What the task requires
Your task is to repeat the lines below exactly, excluding any pictures they contain.

[[ Given material open ]]

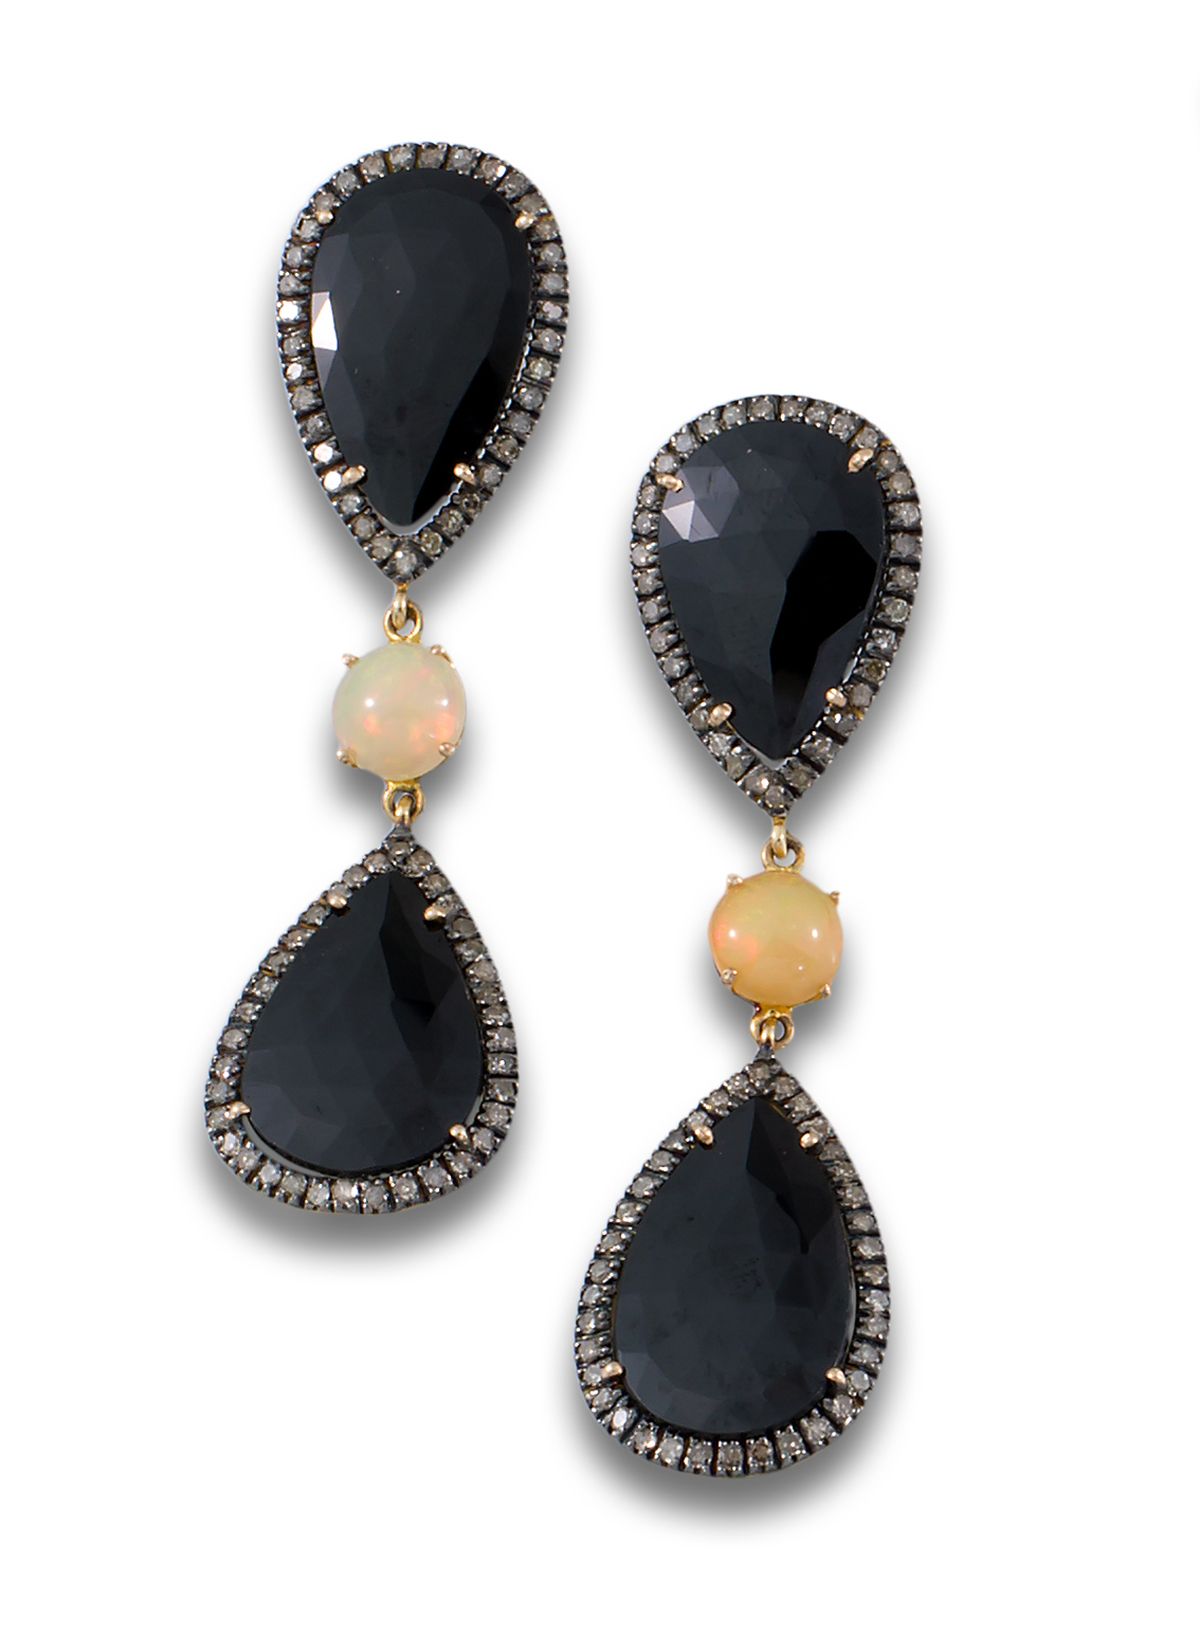 SILVER GOLD DIAMOND EARRINGS 1.68CTS OPA ZAF30 Long earrings Jaipur origin 22kts&hellip;
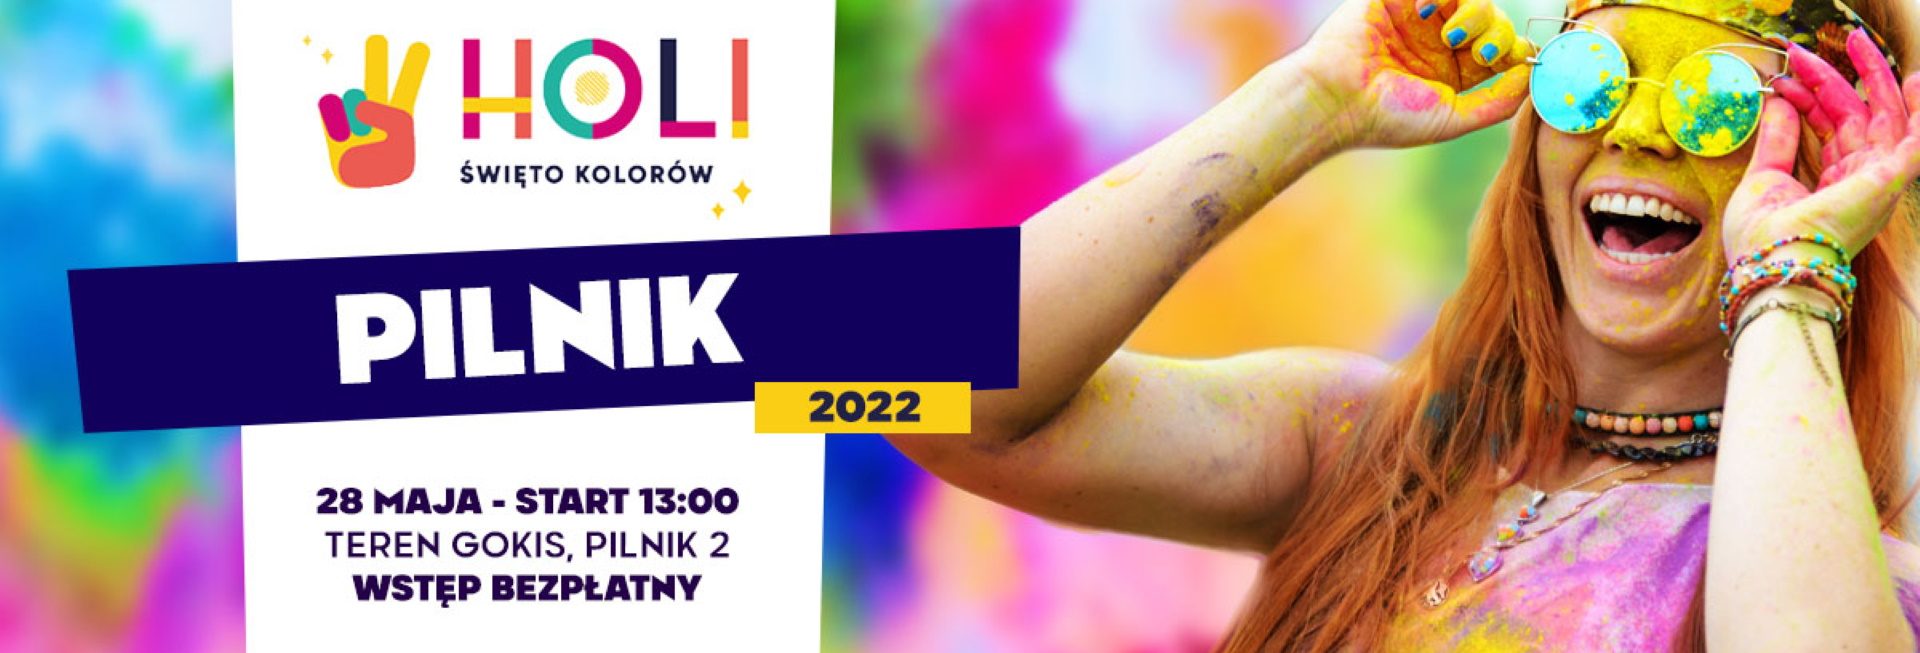 Plakat graficzny zapraszający do miejscowości Pilnik koło Lidzbarka Warmińskiego na Holi Święto Kolorów w Pilniku 2022.
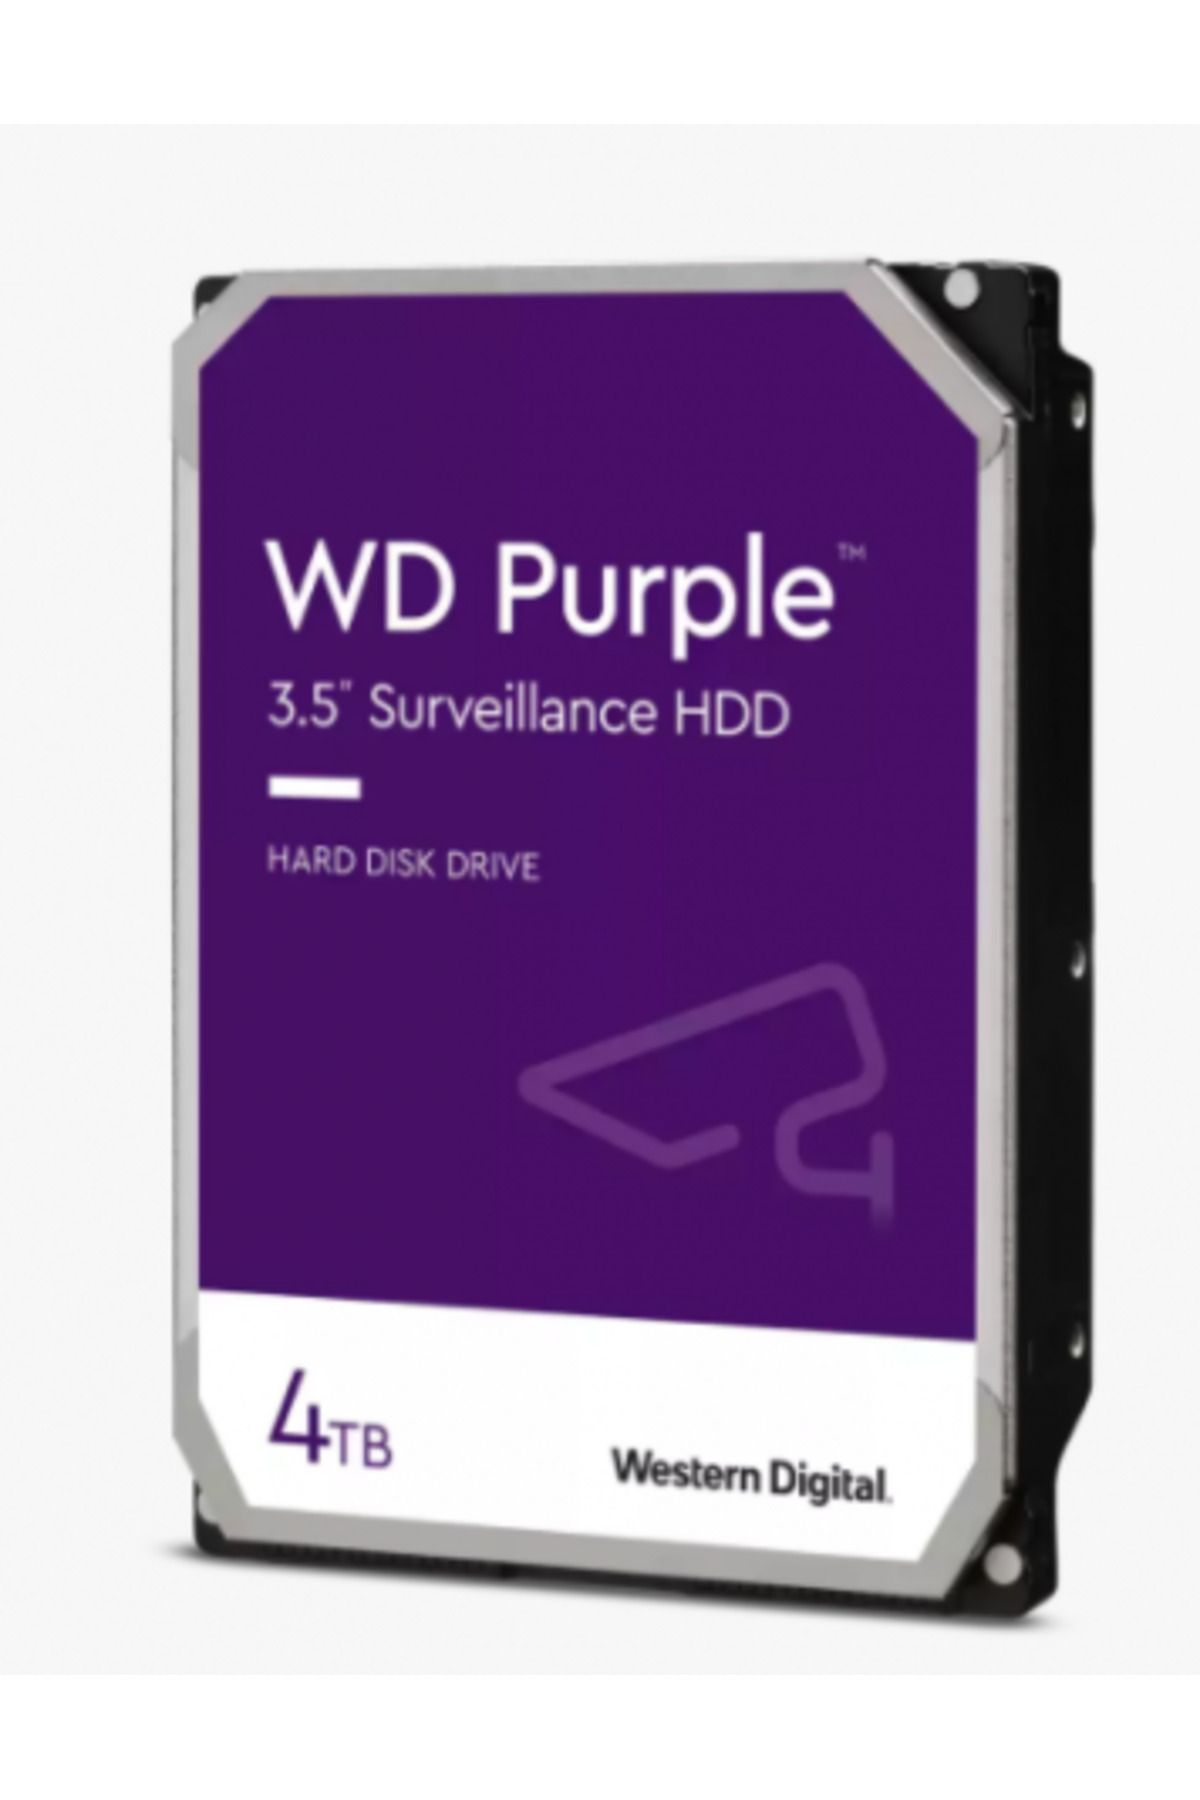 WESTERN DIGITAL 4TB WD Purple SATA 6Gb/s 256MB DV 7x24 WD43PURZ
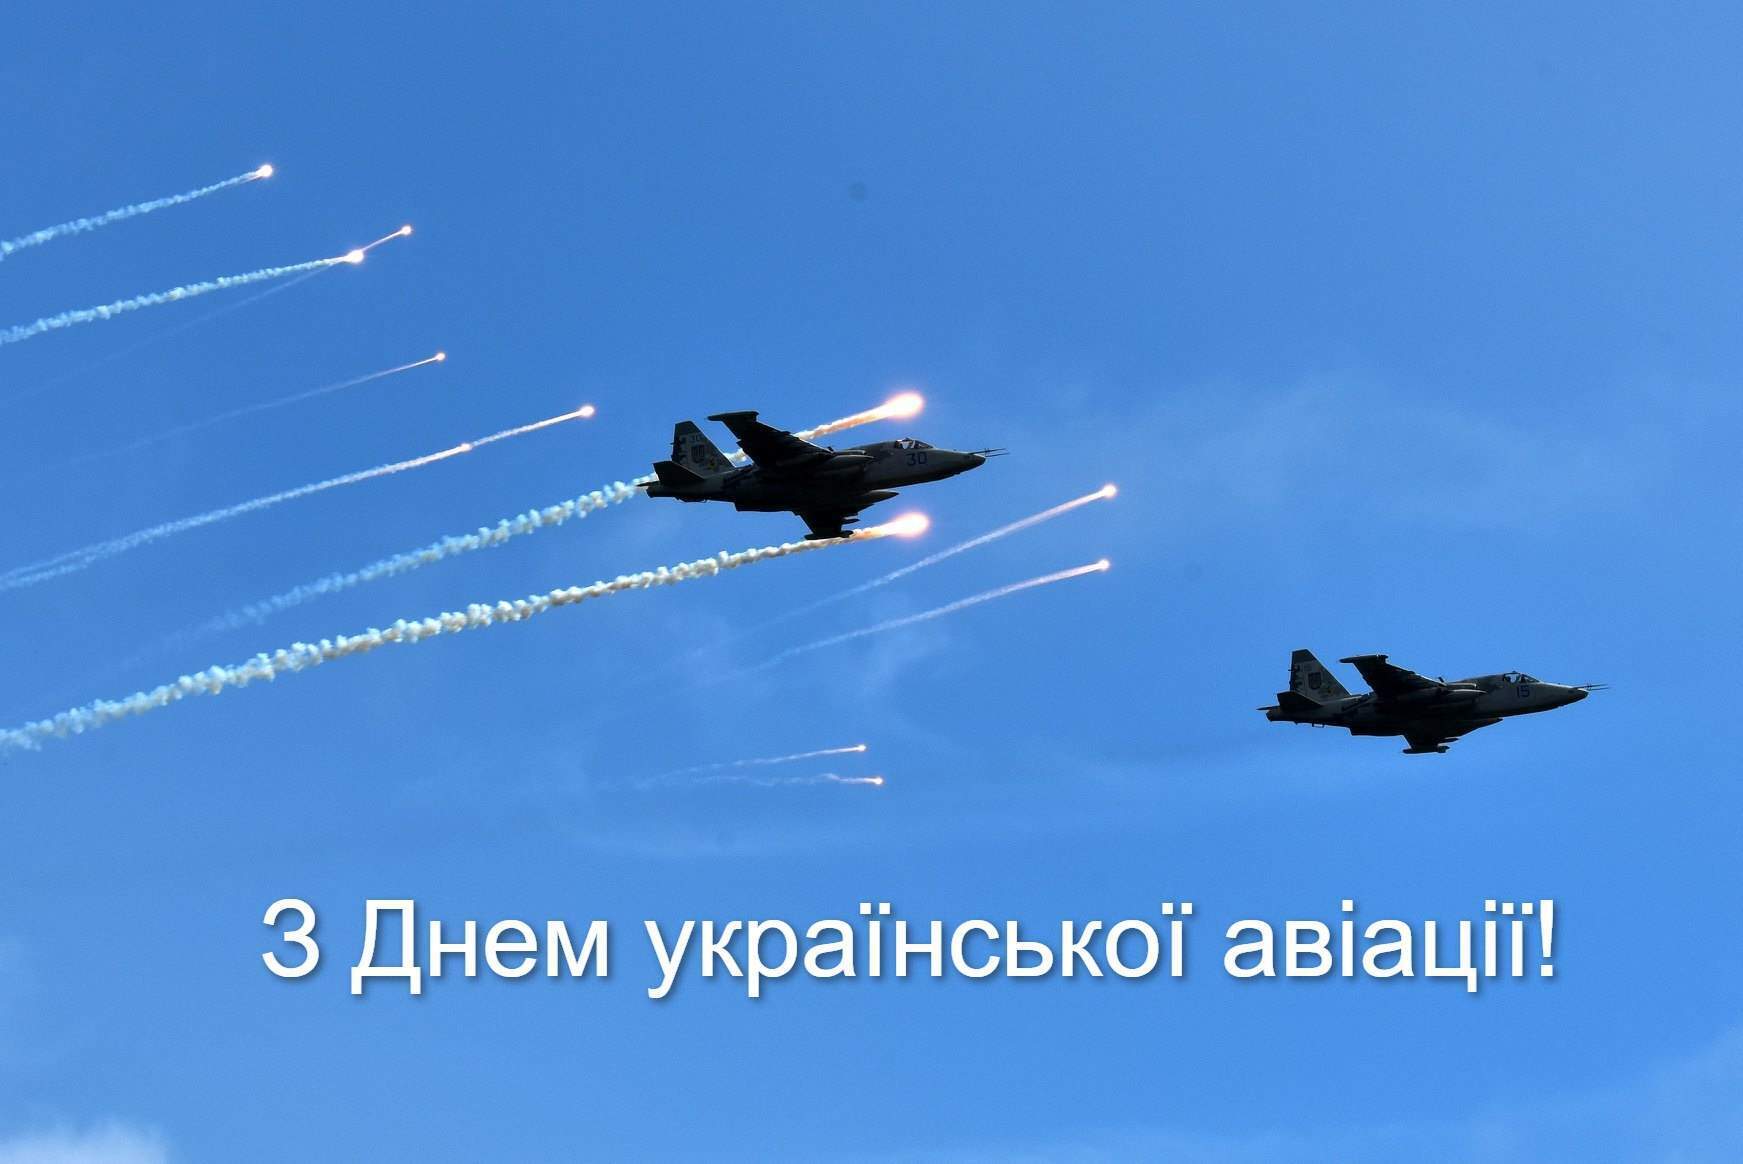 Открытка в День авиации Украины

[[ Given material closed ]]

Output for this exercise
 SILVER GOLD DIAMOND EARRINGS 1.68CTS OPA ZAF30 Long earrings Jaipur origin 22kts&hellip;
 Plakat graficzny zapraszający do miejscowości Pilnik koło Lidzbarka Warmińskiego na Holi Święto Kolorów w Pilniku 2022.
 WESTERN DIGITAL 4TB WD Purple SATA 6Gb/s 256MB DV 7x24 WD43PURZ
 Открытка в День авиации Украины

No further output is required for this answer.